Make precision medicine socially precise | 50016

Primary Health Care: Open Access

ISSN - 2167-1079

Make precision medicine socially precise

Joint Event on 7th Annual Congress on Primary Healthcare, Nursing and Neonatal Screening & 2nd International Conference on Women's Health, Obstetrics and Female Reproductive System

July 27-28, 2018 | Vancouver, Canada

Sam S Oh

University of California, San Francisco, USA

Keynote: Prim Health Care

Abstract :

Most drugs and genetic tests are developed in populations primarily of European descent, but nearly 90% of the world's population is non-European. As the applications of genomic studies become more widespread, it is critical that the study populations used for genomic discoveries more closely resemble the populations on whom the results are applied. While the vast majority (>80%) of genomic studies have been conducted on populations of European descent, Europeans represent less than 15% of the worldâ??s population. Significant problems with drug efficacy and genetic test accuracy can occur if their development is based on genetic patterns that occur more frequently among people of European ancestry. The generalizability of many drugs and genetic tests can be called into question. Since the results of these studies are used to inform policy and drug development, this mismatch in representation has the potential to lead to very poor outcomes. For example, genetic tests for serious diseases may not work in some populations (Manrai et al.), and medicines may fail to deliver their therapeutic effects (Wu et al.).
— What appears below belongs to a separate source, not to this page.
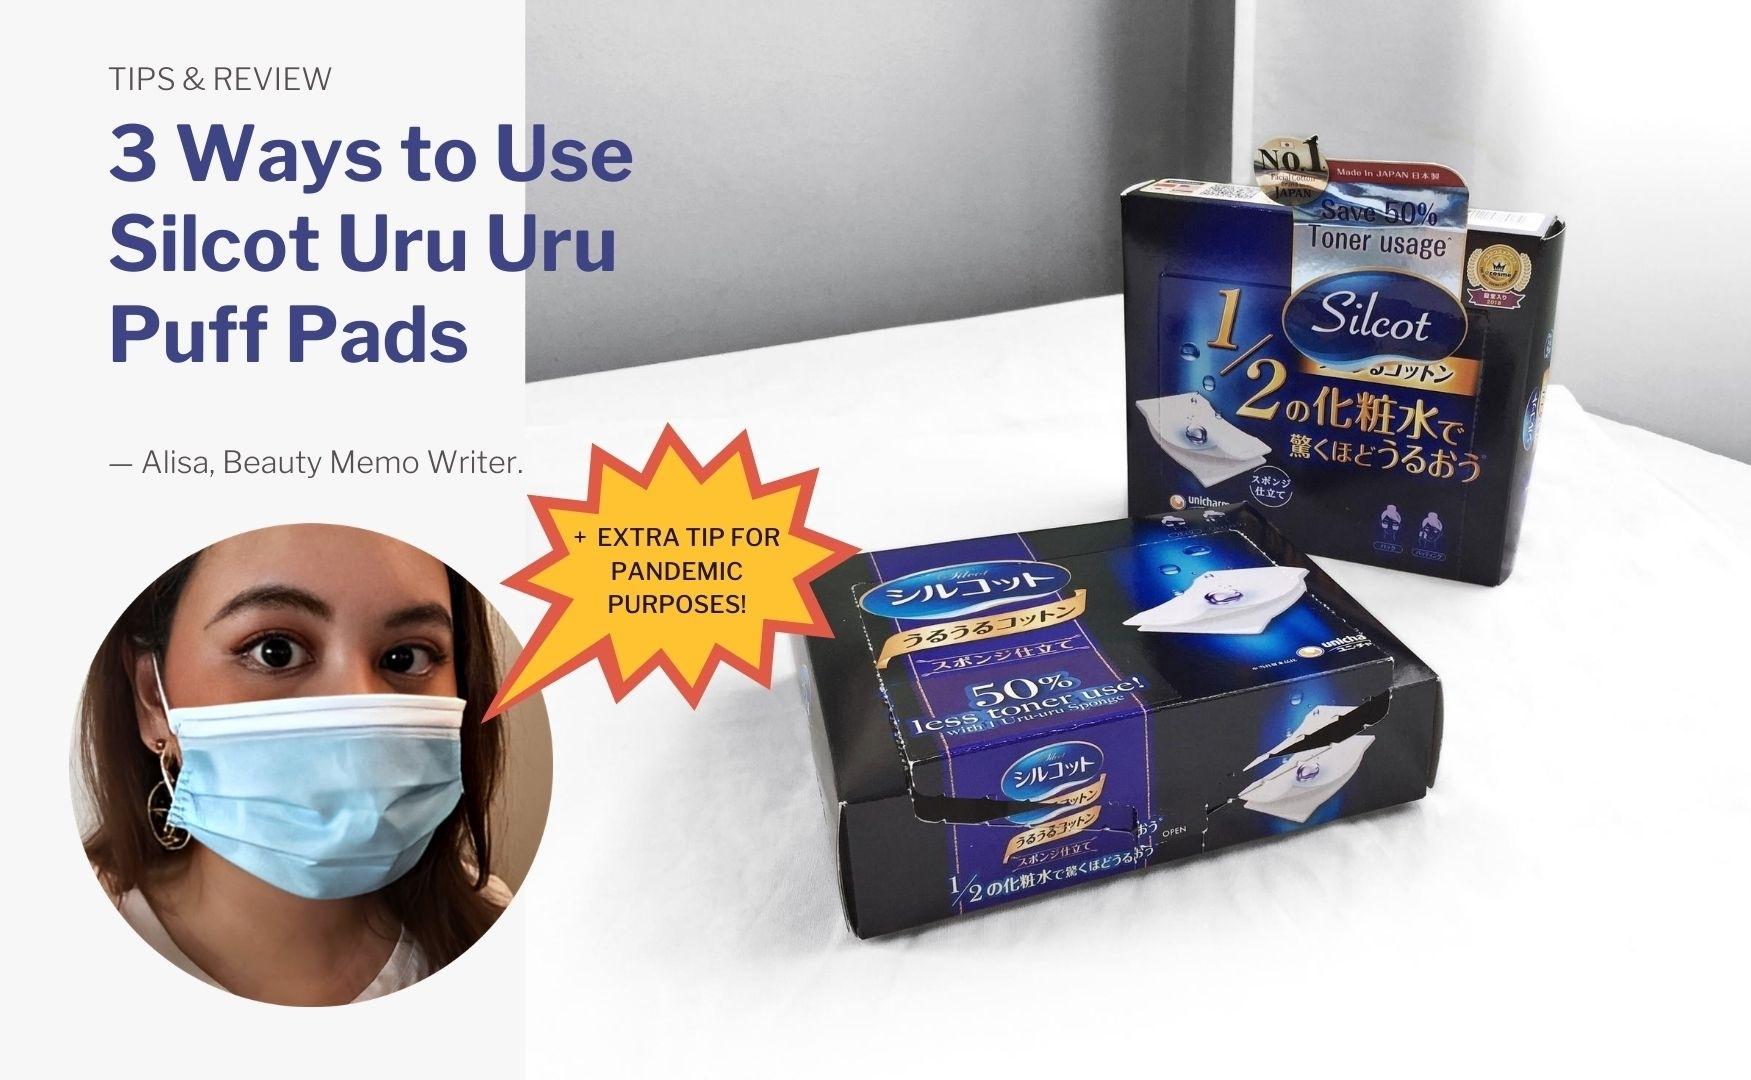 How To | 3 Ways to Use Silcot Uru Uru Puff Pads

Adopting a one-size-fits-all approach can be myopic. Diversity in biomedical and clinical research is an asset. Ignoring racial/ethnic diversity is a missed scientific opportunity and can translate to poor clinical outcomes.

Biography :

Sam Oh serves as the Director of Epidemiology at the UCSF Asthma Collaboratory, where he examines the effect of genetics and environment on asthma risk, severity, and response to medications. He is passionate about resolving difficult public health problems that affect underdog communities that are too often ignored in biomedical research. Racial and ethnic minorities currently make up 40% of the US population yet have been represented in only 4.4% of NIH-funded pulmonary research since 1993. Dr. Oh studies asthma, the most racially disparate common disease.